● **EXERCISE AIM**: Print nothing but the lines below starting at the line that holds "The Emergence of" and ending at the line that holds "Vitruvi Stone Essential", including both, each exactly as written.

● **PROVIDED ENTRIES**:
-- Opening Marker --
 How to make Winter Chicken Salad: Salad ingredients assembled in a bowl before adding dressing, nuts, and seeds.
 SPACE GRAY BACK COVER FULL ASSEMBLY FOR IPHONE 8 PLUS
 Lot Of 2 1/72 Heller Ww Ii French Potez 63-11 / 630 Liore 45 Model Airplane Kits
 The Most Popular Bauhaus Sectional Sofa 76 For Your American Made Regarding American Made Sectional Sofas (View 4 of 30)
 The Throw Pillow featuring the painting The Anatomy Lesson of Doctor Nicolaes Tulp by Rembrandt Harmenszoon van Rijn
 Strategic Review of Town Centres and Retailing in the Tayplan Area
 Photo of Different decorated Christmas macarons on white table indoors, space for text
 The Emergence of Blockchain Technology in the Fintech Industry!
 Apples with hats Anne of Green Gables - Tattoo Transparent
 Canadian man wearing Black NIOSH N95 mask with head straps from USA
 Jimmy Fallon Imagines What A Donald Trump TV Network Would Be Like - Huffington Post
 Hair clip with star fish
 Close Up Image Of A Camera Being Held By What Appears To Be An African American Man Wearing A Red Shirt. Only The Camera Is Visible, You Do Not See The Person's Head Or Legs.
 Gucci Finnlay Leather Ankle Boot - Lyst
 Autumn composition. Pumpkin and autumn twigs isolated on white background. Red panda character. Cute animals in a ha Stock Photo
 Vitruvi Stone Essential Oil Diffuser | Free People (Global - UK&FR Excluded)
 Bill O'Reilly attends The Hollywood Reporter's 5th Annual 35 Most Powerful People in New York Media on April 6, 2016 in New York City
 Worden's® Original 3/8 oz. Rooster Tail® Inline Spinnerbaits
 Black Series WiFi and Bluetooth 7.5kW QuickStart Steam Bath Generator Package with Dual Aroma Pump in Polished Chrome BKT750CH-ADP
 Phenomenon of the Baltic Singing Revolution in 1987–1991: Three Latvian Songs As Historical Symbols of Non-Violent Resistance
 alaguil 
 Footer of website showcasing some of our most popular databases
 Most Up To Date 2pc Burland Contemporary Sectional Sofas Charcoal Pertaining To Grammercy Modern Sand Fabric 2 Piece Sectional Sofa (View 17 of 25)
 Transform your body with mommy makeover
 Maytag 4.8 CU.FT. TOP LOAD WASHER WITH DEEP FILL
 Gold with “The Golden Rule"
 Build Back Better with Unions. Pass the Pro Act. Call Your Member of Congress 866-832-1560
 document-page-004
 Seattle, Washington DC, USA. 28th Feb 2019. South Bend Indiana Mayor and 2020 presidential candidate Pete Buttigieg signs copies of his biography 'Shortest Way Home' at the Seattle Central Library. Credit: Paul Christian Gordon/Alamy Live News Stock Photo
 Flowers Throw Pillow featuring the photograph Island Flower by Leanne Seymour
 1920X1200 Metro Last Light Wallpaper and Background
-- Closing Marker --
● **WRITTEN SOLUTION**:
 The Emergence of Blockchain Technology in the Fintech Industry!
 Apples with hats Anne of Green Gables - Tattoo Transparent
 Canadian man wearing Black NIOSH N95 mask with head straps from USA
 Jimmy Fallon Imagines What A Donald Trump TV Network Would Be Like - Huffington Post
 Hair clip with star fish
 Close Up Image Of A Camera Being Held By What Appears To Be An African American Man Wearing A Red Shirt. Only The Camera Is Visible, You Do Not See The Person's Head Or Legs.
 Gucci Finnlay Leather Ankle Boot - Lyst
 Autumn composition. Pumpkin and autumn twigs isolated on white background. Red panda character. Cute animals in a ha Stock Photo
 Vitruvi Stone Essential Oil Diffuser | Free People (Global - UK&FR Excluded)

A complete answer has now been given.